アレッポ県では、シリア人権監視団によると、戦闘機(所属明示せず)がアレッポ市フィルドゥース地区、サーリヒーン地区、カーディー・アスカル地区を空爆、またシリア軍ヘリコプターがブスターン・カスル地区、スッカリー地区を「樽爆弾」で攻撃した。

これにより、子供1人を含む3人が死亡した。

ARA News(8月3日付)によると、空爆はアレッポ市マシュハド地区に対しても行われ、「樽爆弾」が投下されたという。

一方、SANA(8月3日付)によると、反体制武装集団がアレッポ市ハムダーニーヤ地区、ジュマイリーヤ地区、ラームーサ地区、シャイフ・マクスード地区を砲撃し、住民7人が死亡、41人が負傷した。

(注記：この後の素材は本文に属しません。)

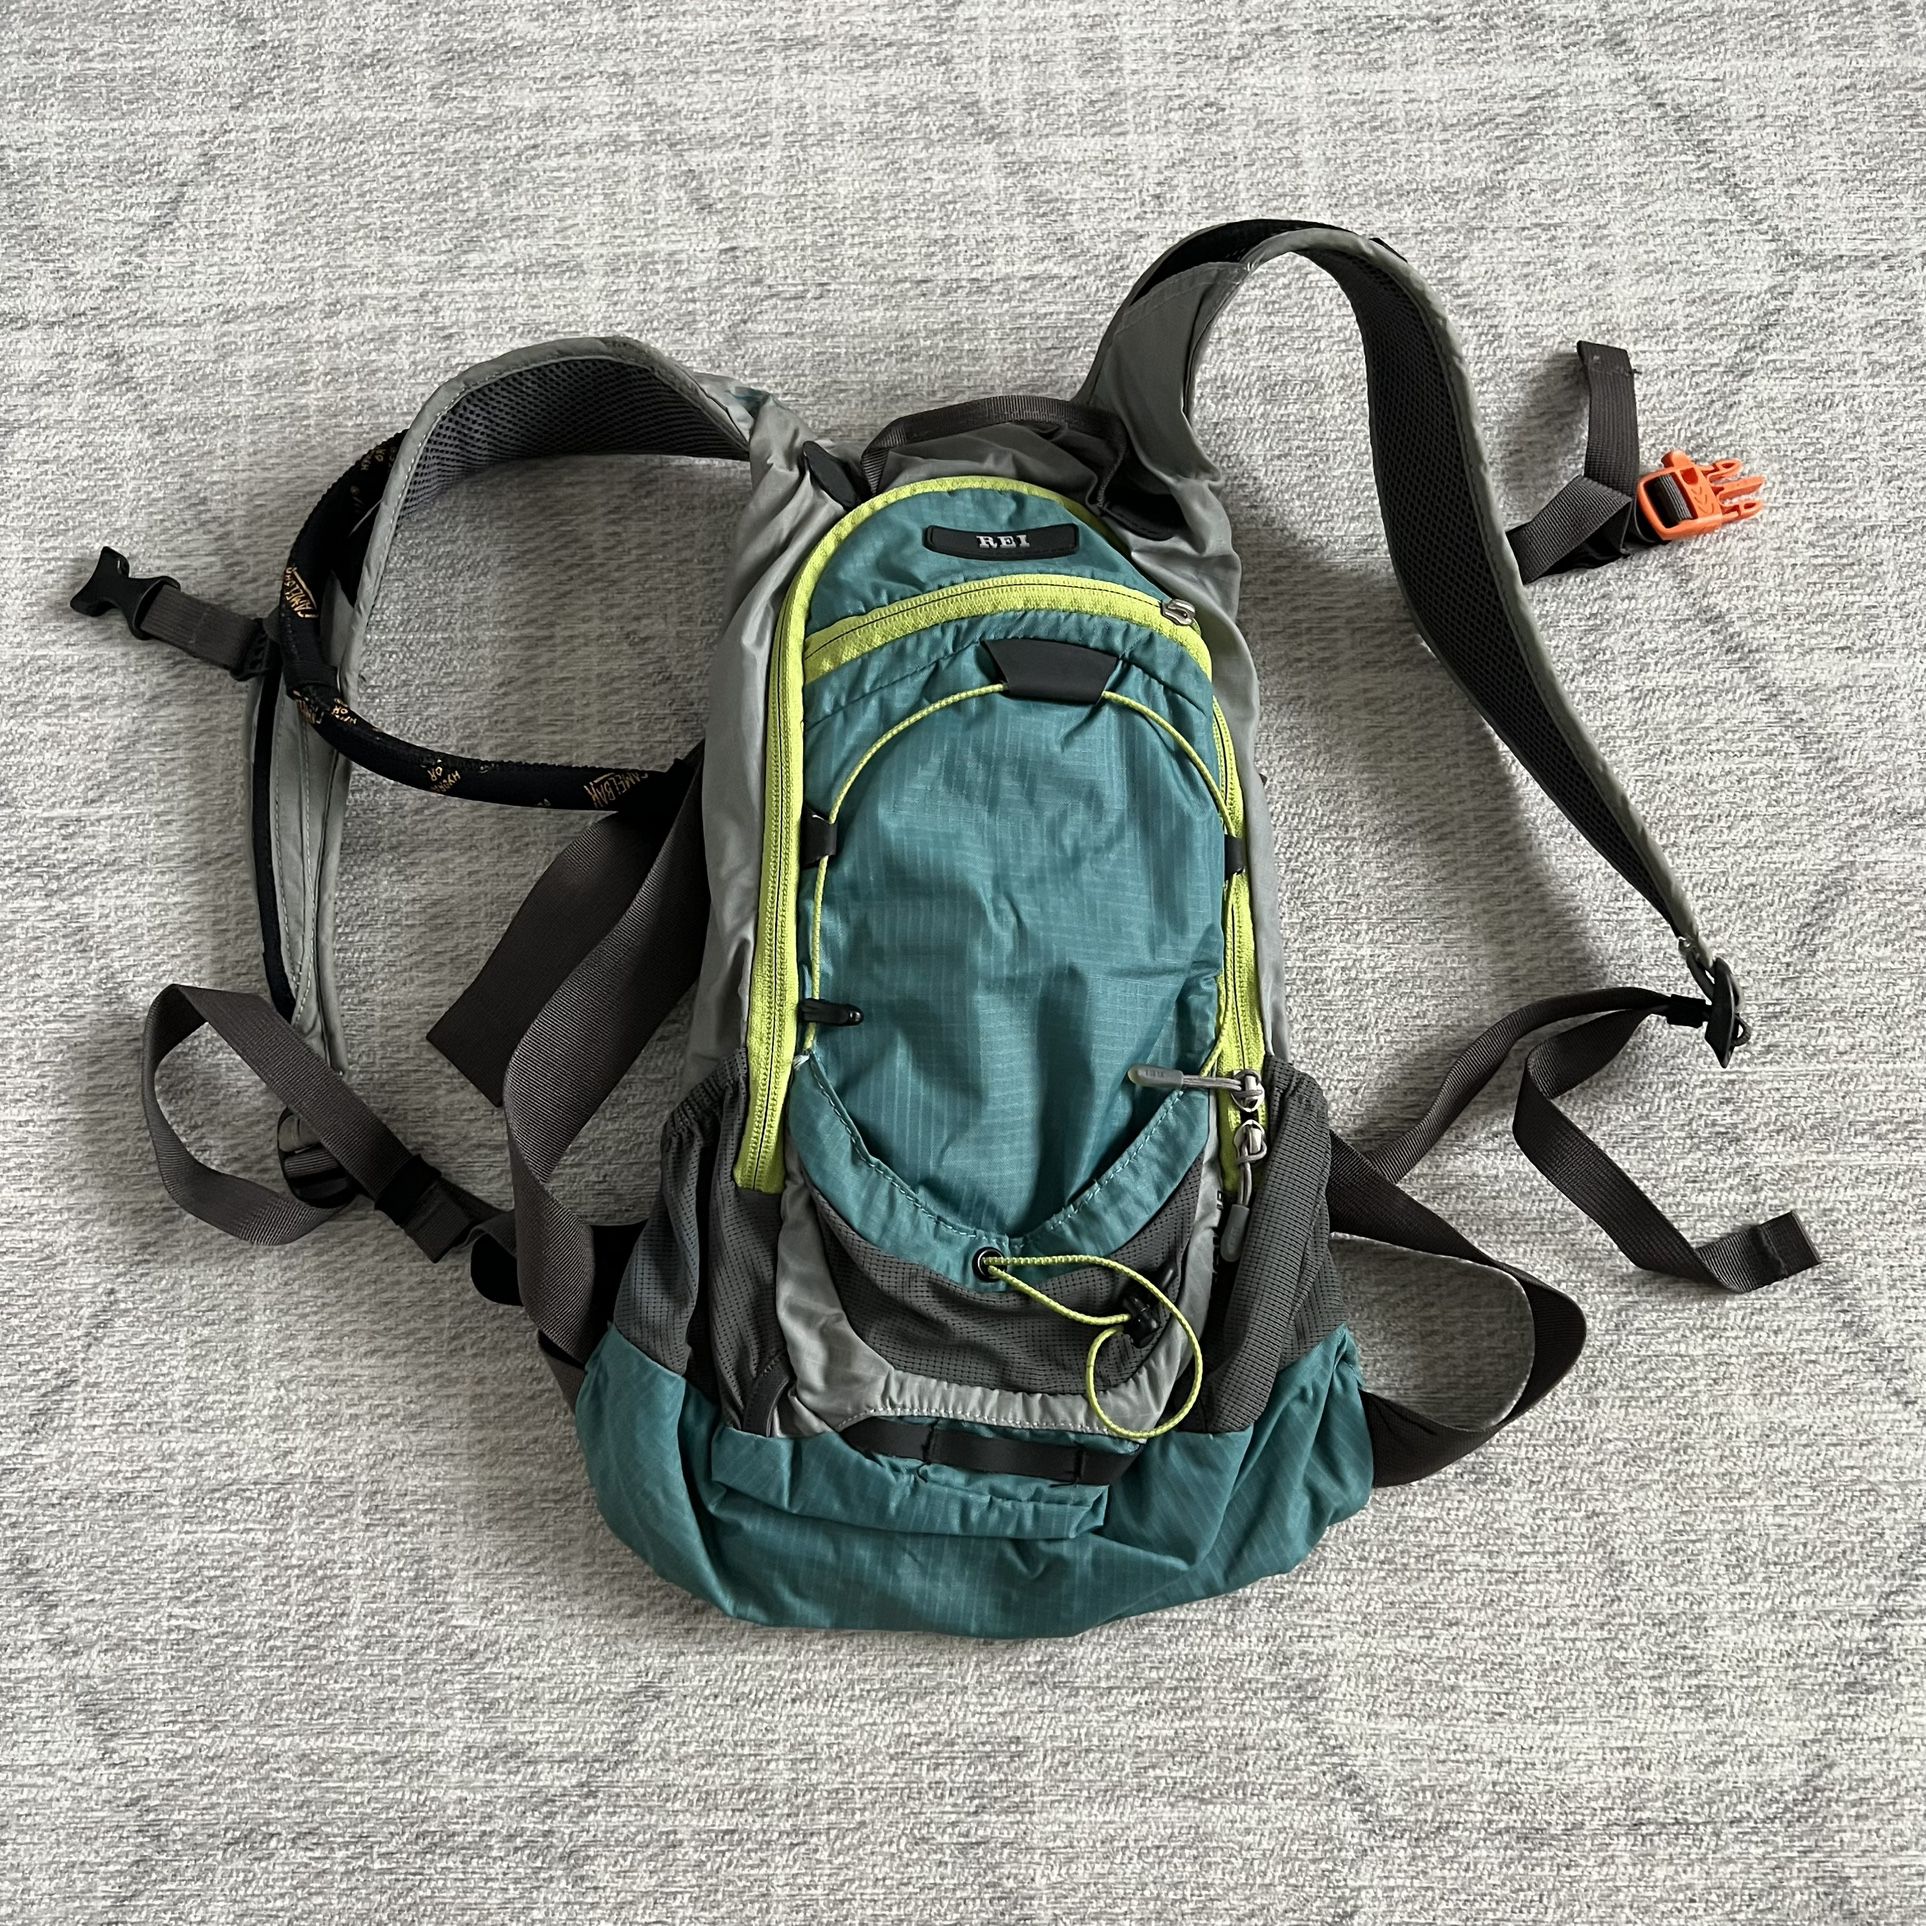 REI Stoke 19 Teal Green Camping Hiking Backpacking Hydration Bag w/ 50oz Bladder

またアレッポ市南部および南西部郊外一帯では、「アレッポ大血戦」と銘打って攻勢に出ていた新生ファトフ軍(シャームの民のヌスラ戦線(シャーム・ファトフ戦線)、シャーム自由人イスラーム運動など)に対して、戦闘機(所属明示せず)がアレッポ市ラーシディーン地区、ヒクマ学校、「スイカ市場」一帯、ハーン・アサル村などで激しい空爆を加える一方、シリア軍が外国人民兵(イラン人、アフガン人、イラク人、ヒズブッラー戦闘員)の支援を受け、フワイズ丘、マフルーカ丘などを奪還、これにより「アレッポ大血戦」はほぼ失敗に終わった。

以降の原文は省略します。